A court settlement in California has been approved by a federal judge, prohibiting federal U.S. border officials from reviving the Trump-era “zero tolerance” family separation policy for the next eight years. Under the settlement between the American Civil Liberties Union and the Biden administration, the federal government will be barred from separating migrant families solely for the purposes of prosecuting the parents for entering the U.S. illegally.
Limited exceptions to the eight-year ban include cases where a parent poses a risk to their children. The settlement also provides social and legal benefits to migrant families affected by the Trump-era practice, which led to the separation of roughly 5,000 children from their parents. Notably, the agreement does not include monetary compensation, as was considered by the Biden administration until an outcry by Republican lawmakers in Congress.

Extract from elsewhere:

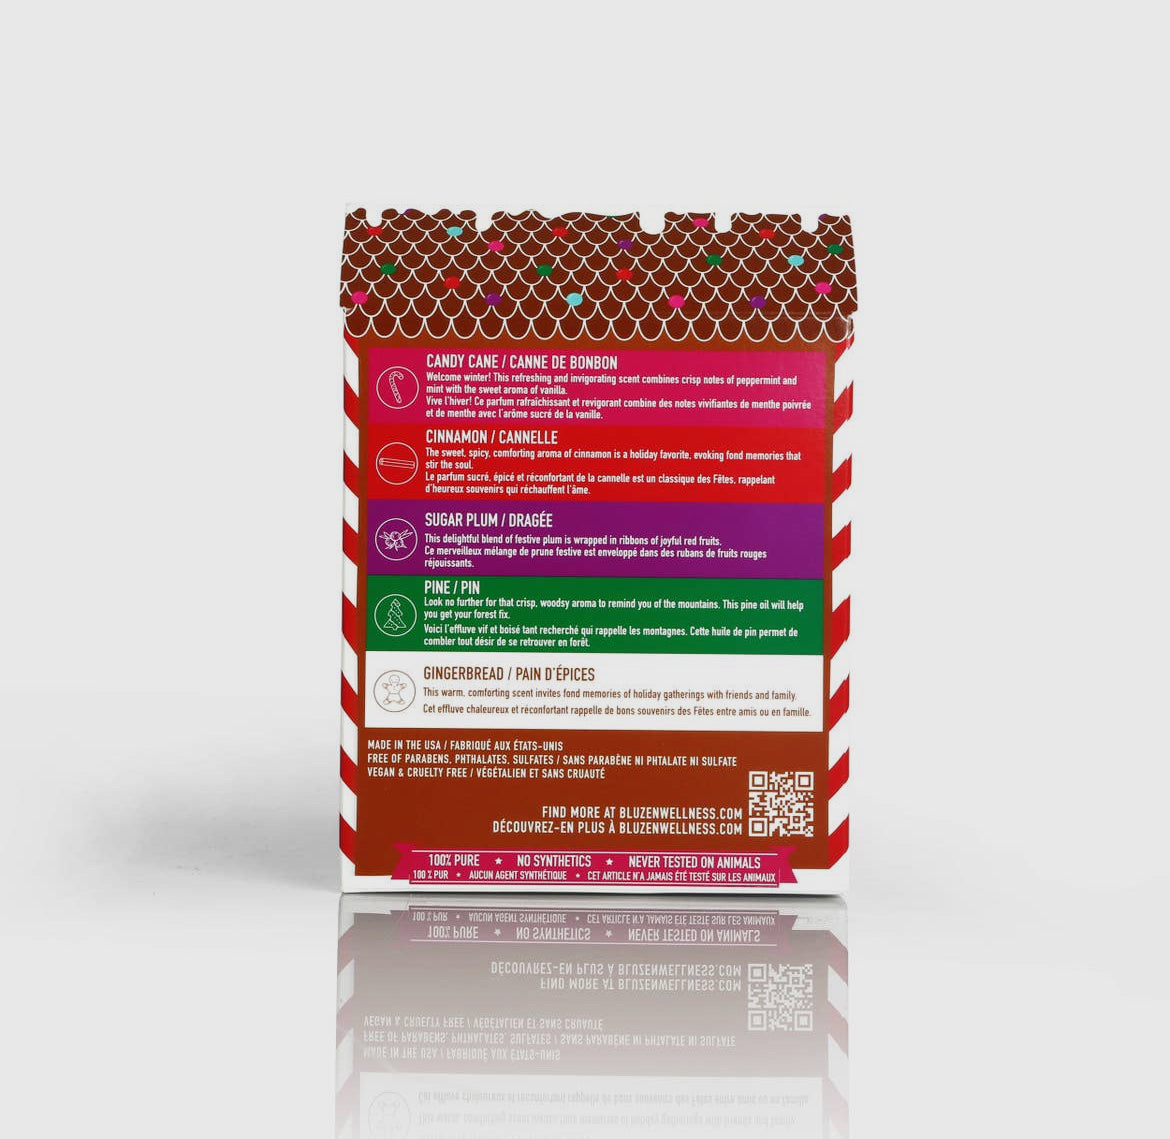 Gingerbread House Essential Oil Variety Pack

U.S. District Court Judge Dana Sabraw approved the settlement during a hearing in San Diego, according to Lee Gelernt, the lead ACLU attorney in the case. Gelernt called the settlement “a critical step toward closing one of the darkest chapters of the Trump administration,” highlighting the trauma caused to families by the practice.
In addition, the settlement comes after former President Donald Trump repeatedly refused to rule out reinstating his infamous border separation policy while on the 2024 campaign trail. And since taking office, President Biden created a task force that has reunited hundreds of migrant families, providing temporary legal status and work permits.
The ACLU estimates that between 500 and 1,000 children split from their parents as a result of the Trump-era policy remain separated from their families. An official order codifying the settlement is expected to be issued soon.